Зато ночи были для него мукой. И вечера. Долго не мог заснуть. В отряде с каждым днем
становилось все многолюднее. Те, кому было положено, укладывались ко сну, но менялись же
часовые, по лагерю постоянно кто-то ходил. Ганс понимал и чувствовал, что с него не спускают
глаз, и это вызывало болезненное ощущение – ему не верят, и кто знает, поверят ли когда-
нибудь.
Он лежал, положив руки под голову, – был счастлив, что их уже не вязали за спиной, – и
думал. Думал о геноссе Еве. Она для него стала родным человеком. Пожилая женщина,
чужеземка…
Он вспомнил своего друга Курта Вебера, по-новому воспринимал его слова о правде, к
которым он в свое время мало прислушивался. Курта бросили в концлагерь. То, что не успел
друг, объяснила геноссе Ева в момент, когда он готов был уже проститься с жизнью. Она
заставила его взглянуть на мир по-иному, увидеть себя самого со стороны, понять, что он,
рабочий с деда-прадеда, оказался среди тех, кто пришел убивать, уничтожать простых хороших
людей, братьев по классу, душить революцию, ту самую, которую богачи подавили на его
родине.
Вспомнилась первая и последняя его акция, направленная против партизан. Водил их в лес
хлопец, который выдал партизан, – их тогда на базе не оказалось, – перебежчик, человек,
предавший своих. Оборотень сидел в их машине, Ганс с товарищами внимательно рассматривали
его, даже заговорили с ним, но заговорили с презрением. Ефрейтор Кальт и тот избегал смотреть
на сопровождающего, бормоча сквозь зубы: «Большевистская бестия, продажная свинья, такому
не верь ни на пфенниг, если он продал своих, чужих продаст трижды».
Эти слова приходили в голову Гансу каждый вечер, как только он укладывался на место в
уголке будки. «Кто продает своих… кто продает своих…» – стучало, словно молоточком, в темя.

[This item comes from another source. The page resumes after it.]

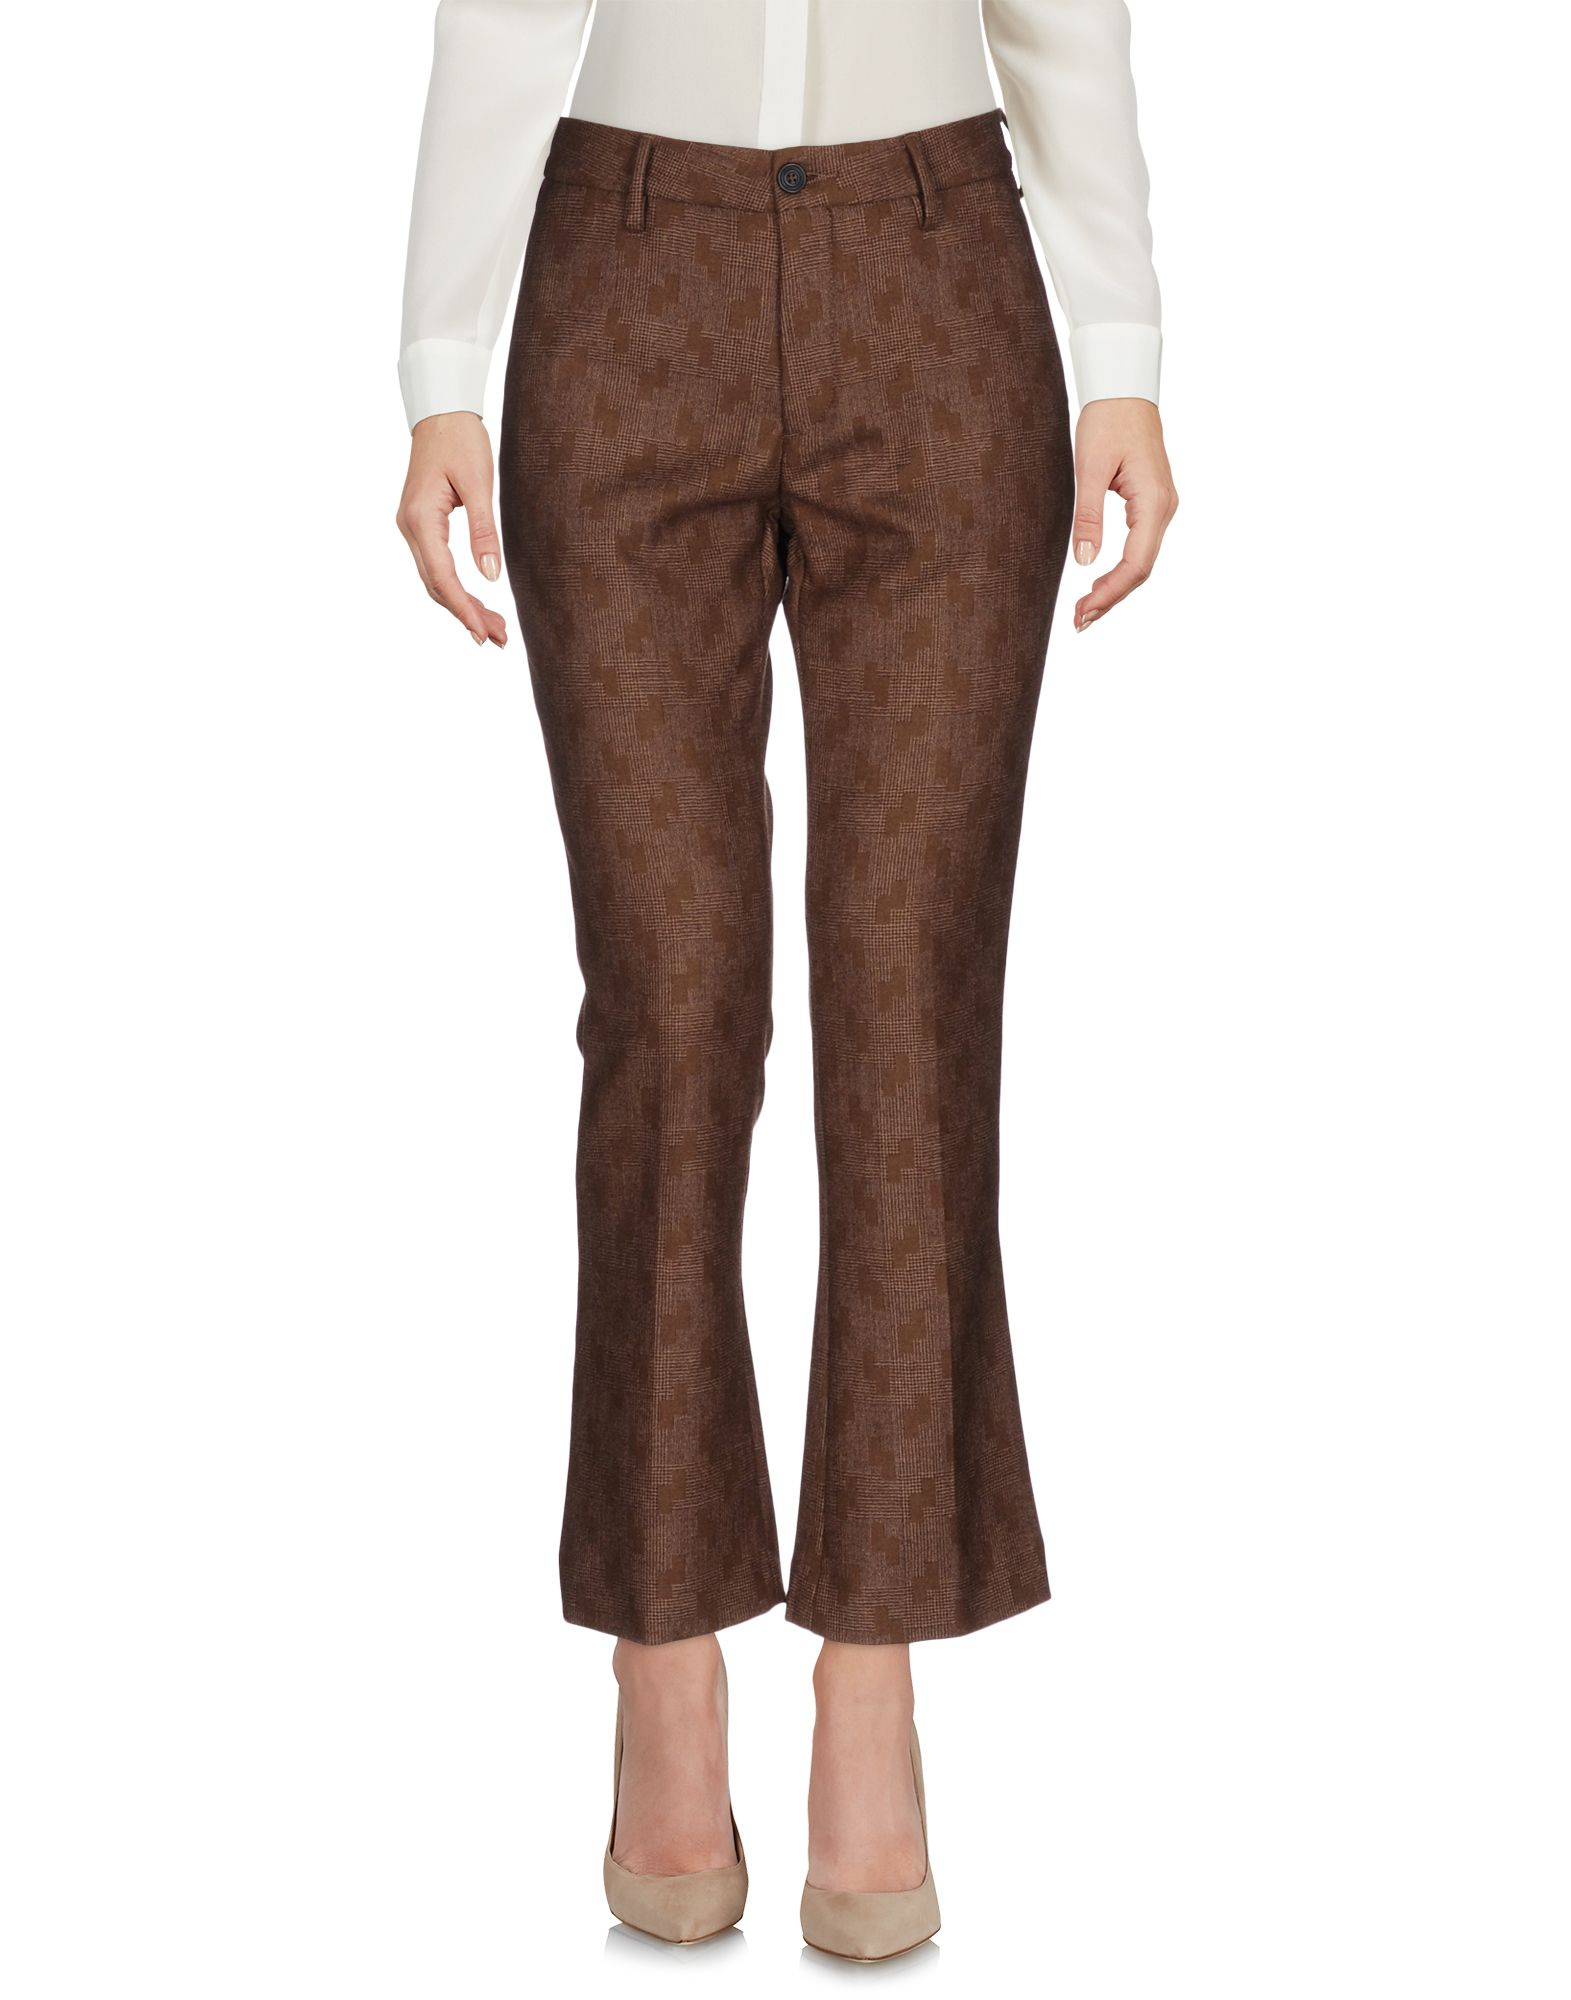 Pantalone Pence Donna - Acquista online su lWLGX

Ему не хотелось продавать своих, он неспособен был продавать своих. Хотя, конечно, свои —
очень разные люди. Одни идут, вынуждены идти на войну, а другие гонят их на нее силой.
Чтобы не терзаться сомнениями, он прогонял от себя невеселые раздумья о будущем,
вспоминал прошлое. Вспоминать было сладко, особенно мать. Печальные глаза, морщины на
лице… Чем же она, его мутти, так похожа на геноссе Еву? Эти морщины… брови, кончики которых
опущены вниз… А глаза… У мамы типичные глаза немецких женщин… У геноссе Евы они карие,
но… такие же печальные и умные, как и у матери.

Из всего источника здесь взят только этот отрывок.